Benarkan besok malam aku sudah tidak bisa menghirup angin malam di balkon kamarku. Karena besok pagi aku berangkat ke Jakarta.
"Bisa aja kamu" kata Abah mengundang tawa Umik Mas Haidar Bang Raffi dan Bang Syafiq. Berbeda dengan orang yang duduk di samping Bang Syafiq, Dia hanya tersenyum tipis.
"Loh iya kan Bah,pasti Moza akan merindukan itu semua. Apalagi harus jauh dari keluarga, pasti Moza bakalan merindukan Abah Umik Mas Haidar, Bang Raffi, Bang syafiq Mbak Dania dan Mbak Sari" kataku dengan mencoba tetap tersenyum.
" itu sudah menjadi pilihan mu. Jangan merasa bimbnag kamu Ning" kata Bang Syafiq dengan menyikut tangan ku.
"Iya Bang syafiq Moza tahu" kataku
"Ndak papa nanti kan Mas Haidar bisa kesana" kata Mas Haidar dengan tersenyum kearahku.
Áku pasti akan merindukan senyum Mas Haidar. Dan pastinya aku akan merindukan Abah dan Umik yang selalu memberiku nasihat nasihat dan yang selalu mensupport aku. Abah memang memberikan kebebasan kepada putra putri nya untuk memilih meneruskan pendidikan dimanapun dan sejauh apapun. Oleh karena itu Mas Haidar menimba ilmu di Mesir yang sekarang telah menyandang gelar S3 nya. Dan Bang Raffi akan meneruskan s2 nya di Jerman. Dan bahkan Abah juga memberikan kebebasan kepadaku untuk menimba ilmu di manapun.
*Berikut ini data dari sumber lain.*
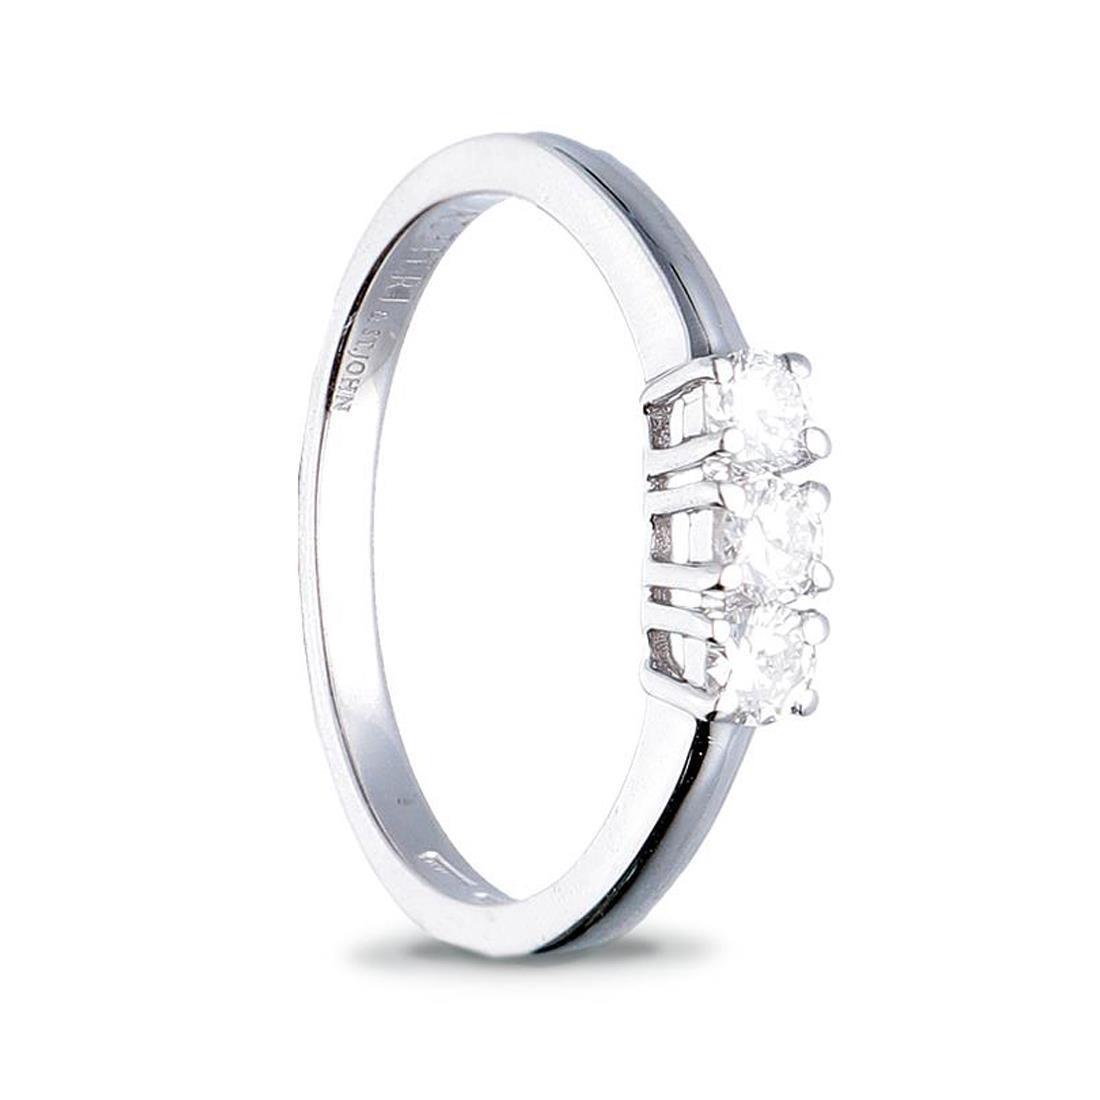 Trilogy ring in white gold, diamonds ct. 0.45 - ALFIERI & ST. JOHN

Dan akhirnya aku memilih di Jakarta karena beasiswa yang tidak bisa aku sia sisakan begitu saja. Bukankah itu kesempatan emas untukku?. Namun lain halnya untuk Bang syafiq, ia lebih memilih meneruskan di Semarang. Dan Abah pun juga tidak melarang atau bahkan memaksa Bang Syafiq.